Warm-up: For a 1×3 line (states 0, 1, 2), terminal at 0 and 2 with value 0, reward -1 per step, one action “move left” from 1 to 0, one action “move right” from 1 to 2. Compute \(V(1)\) by hand for \(\gamma=1\) (one step to either terminal ⇒ -1).
Coding: Run policy evaluation (iterative Bellman expectation) on a 4×4 gridworld until convergence. Plot \(V(s)\) as a heatmap for a random policy (e.g. uniform over actions).
Challenge: After convergence, derive the greedy policy with respect to your \(V\): in each state, which action(s) maximize immediate reward + \(V(s’)\)? Plot or print the greedy policy as arrows. Compare to the optimal policy (shortest path to nearest terminal).
Variant: Run policy evaluation with \(\gamma=0.5\) and \(\gamma=1.0\) on the same 4×4 gridworld. How does the value at the center cell differ between the two?
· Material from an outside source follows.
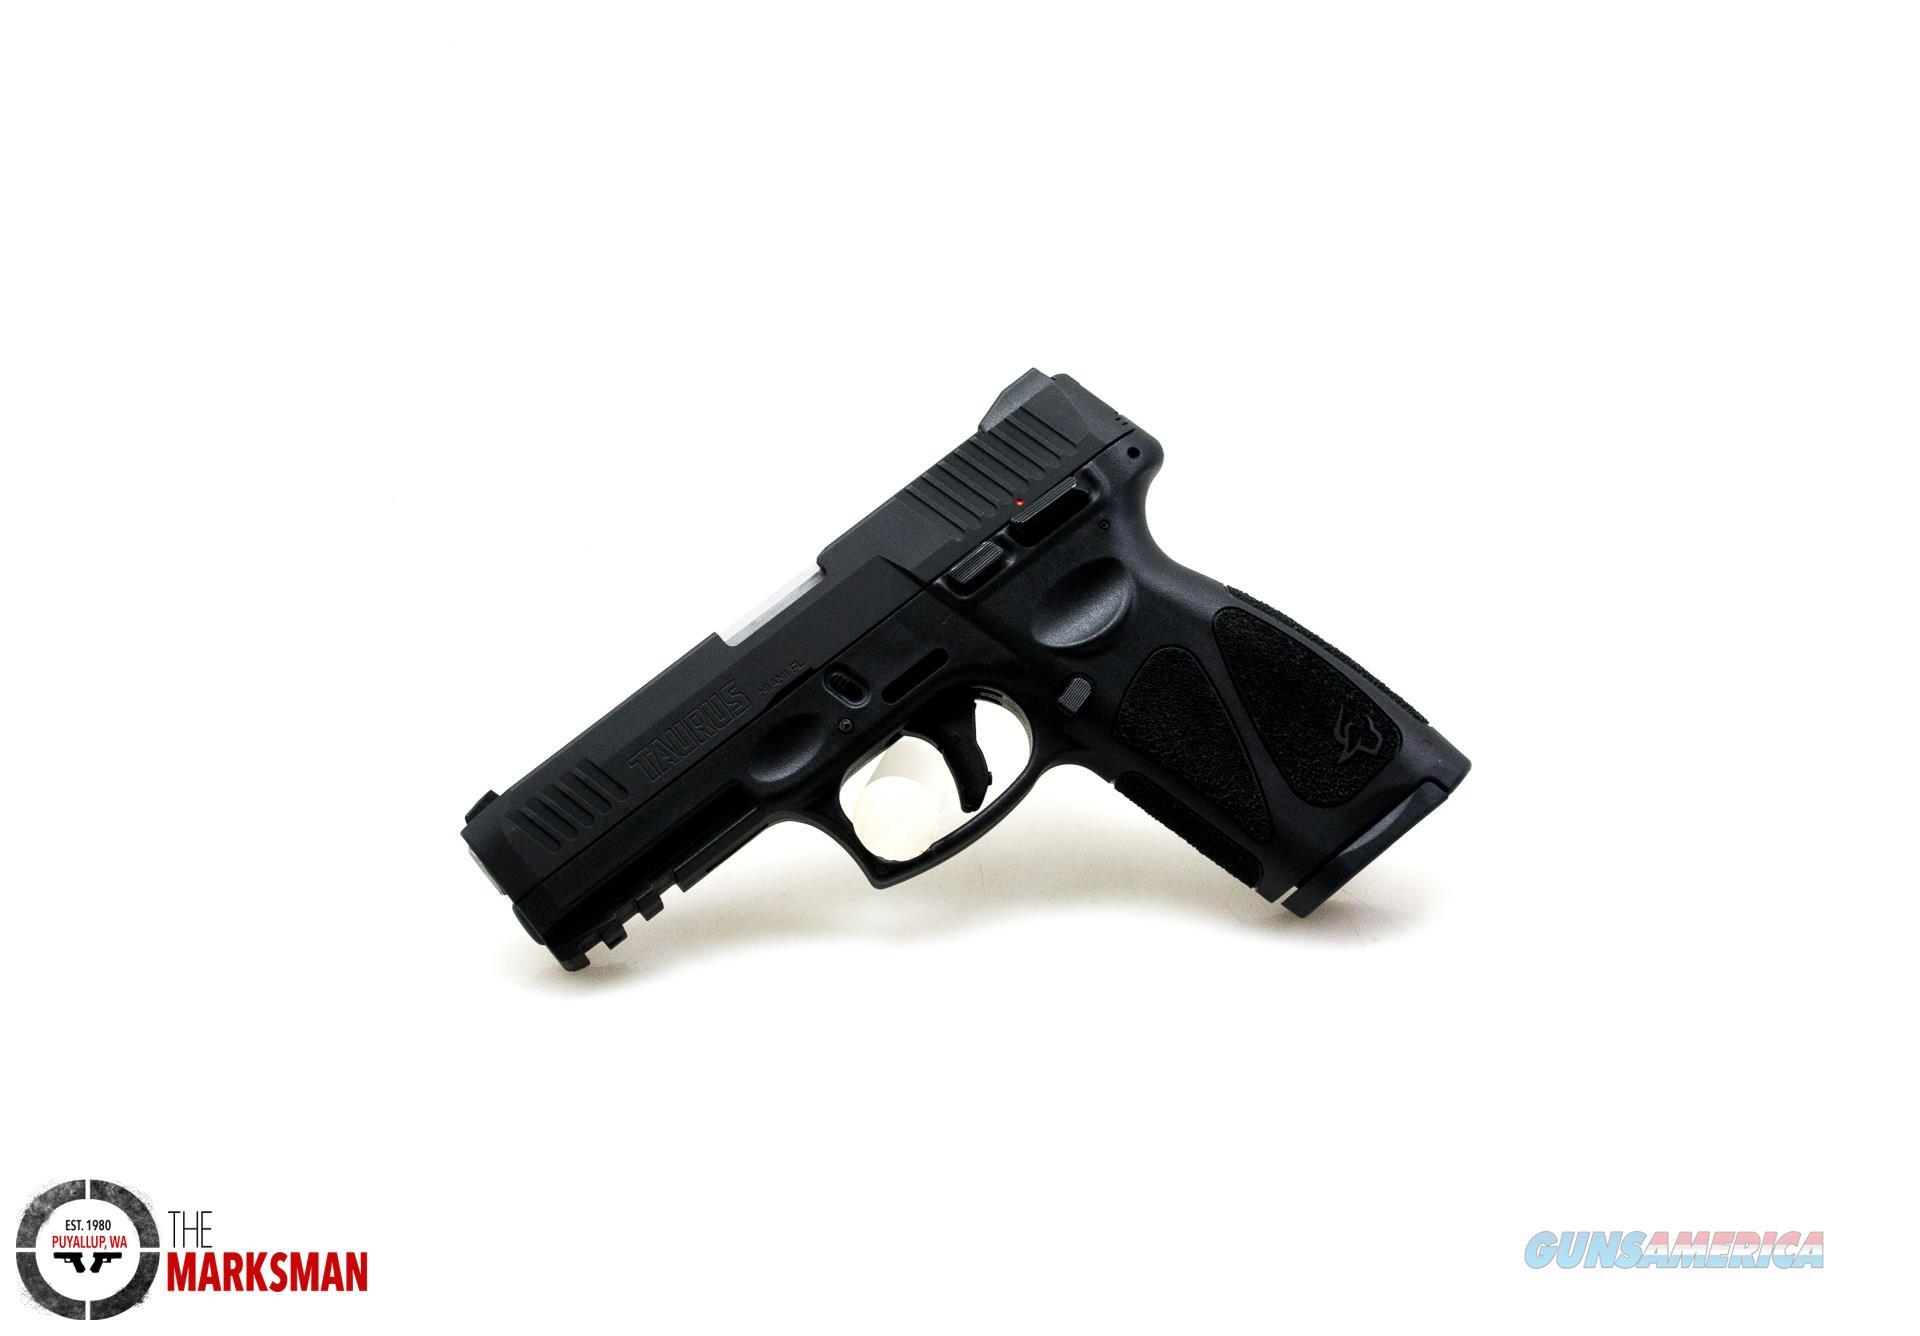 Taurus G3, 9mm NEW  Guns > Pistols > Taurus Pistols > Semi Auto Pistols > Polymer Frame

Why is \(\gamma=1\) acceptable here (finite episode)?
Debug: The update below applies the Bellman update to terminal states (a common mistake), causing incorrect values. Find and fix it.

Try it — edit and run (Shift+Enter)

Conceptual: Why must we use synchronous (not in-place) updates when running one full sweep of policy evaluation? What can go wrong with in-place updates?
Recall: State the iterative policy evaluation update rule \(V(s) \leftarrow \ldots\) from memory.